Orsacchiotto o cucciolina, is something my dad used to call me when I was a little girl.

Hope that helps


----------



## Biscardi

coco, no.... cocco but it´s like a mother to child thing, Cocco di Mamma, strangely enough we don´t usually have pet names like cupcake or sugar bun, it´s difficult, 
dolcezza, sounds quite greasy
tesoro, is ok
caro, means dear, but it´s quite common amongst friends an everything, it´s like darling


----------



## Weezay

I JUST started seeing an Italian man - I'm American - and he throws these terms of endearments around like they are nothing.  Before we even met and we were talking online, he called me Angelo Mio and Tesoro, etc....I think even amore once....is this normal?  I seem to take them literally and I probably shouldnt.....is it something he would call just ANY women he converses with I wonder UNLIKE Americans?
Thanks!!


----------



## Jana337

Hi and welcome! 

Please do not believe him and do not take him seriously. Così fan tutti. It must be something in the water. 

Jana


----------



## Franky90210

Hey everyone. I'm brand new to this site, I've read a couple posts and you all seem like very nice and helpful people. I'm hoping I could get a quick hand with a little problem I'm having. My Gf is Italian and she only understands it but does not speek it. For our 1 year aniversary I'm hoping to tell her how much I care for her in Italian and surprise her. I have been taking very basic Italian lessons that are giving me a small vocab but nothing that I can put into an admiration sentence. I'm hoping to say something like this

I love you so much, since the day we met I felt a connection with you. You have made me happier then I have ever been. Your the first thing I think about when I wake up and the last thing I think of when I fall asleep. I love you. 

If anyone could give me a hand with this I would be very very grateful! Thanks a lot.


----------



## Nicholas the Italian

Franky90210 said:


> My Gf is Italian and she only understands it but does not speek it.


She's Italian but does not speak Italian?  



> I love you so much, since the day we met I felt a connection with you. You have made me happier then I have ever been. Your the first thing I think about when I wake up and the last thing I think of when I fall asleep. I love you.


Ti amo tantissimo, fin dal giorno in cui ci siamo incontrati ho sentito un feeling speciale tra noi. Mi hai reso felice come mai prima. Sei la prima cosa che penso quando mi sveglio, e l'ultima quando mi addormento.
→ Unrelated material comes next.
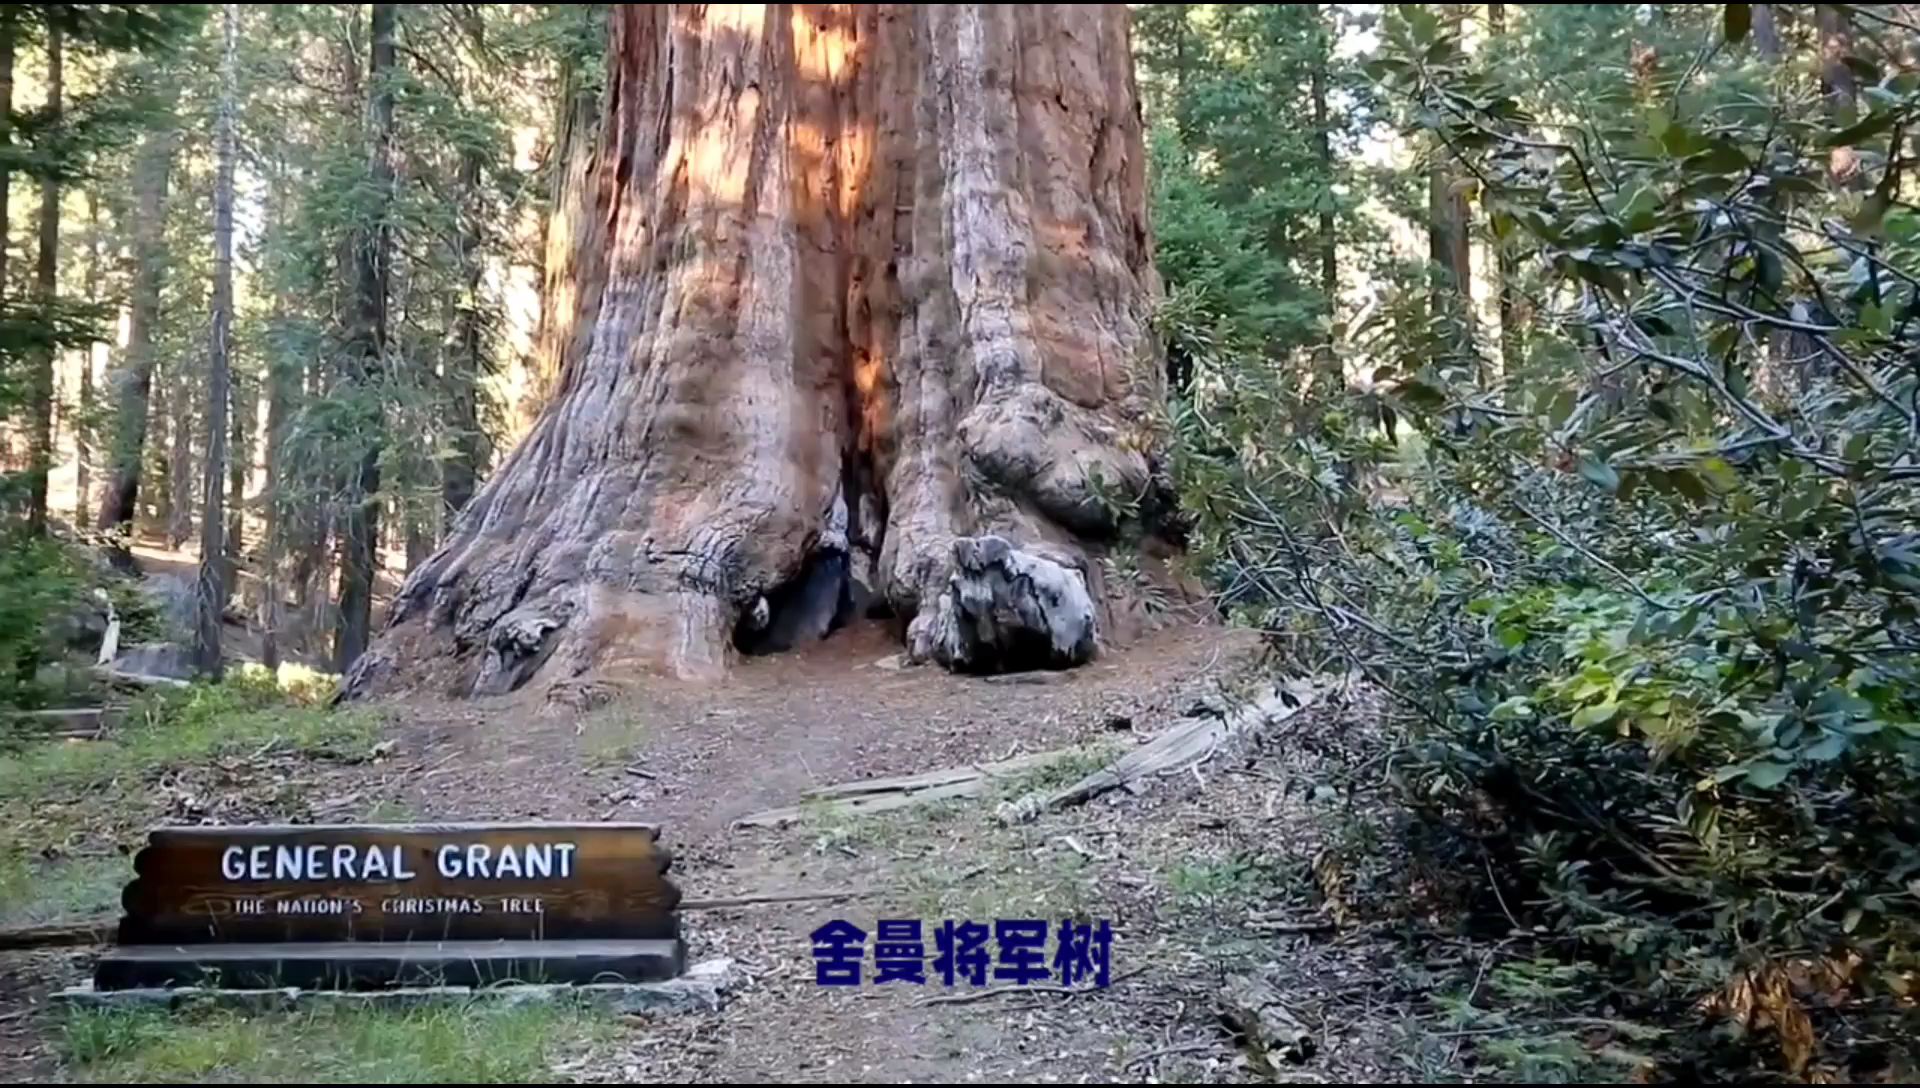 舍曼将军树，又名雪曼将军树，是位于美国加利福尼亚州的一棵巨杉。这棵树的树龄已经超过3500年，高度达

Ti amo.

You may want to wait for other suggestions of course.

In bocca al lupo.


----------



## bellaLT

If I wanted to say "my love" *to* someone would I say: Mio amore or Il mio amore? and is it correct to say Mia cara or just simply cara to someone. Thanks.


----------



## fledgling

I'm a beginner, so wait for verification, but I think if you say "mia cara" it would mean "my expensive one." Cara means expensive or dear, depending on the order of the words in the sentence. "Cara mia," though, would be my dear. I'm pretty sure you could say "cara" on its own, but that's just "dear" and not "my dear."
I don't think you'd use the article, like "il" or "la," because that sounds strange to me. And I've only ever heard "amore mio" and "tesoro mio" with the possessive bit after the word, not before. Doesn't necessarily mean it's not correct to say "il mio amore," but "amore mio" is a safer bet. 
Best of luck! Ciao!
Carolina


----------



## malva7

Hi Weezay. My best suggestion is for you is to wait and see. What your friend tells you might be *important *and may be not. Words, specially in Italian depend very much on how they're said.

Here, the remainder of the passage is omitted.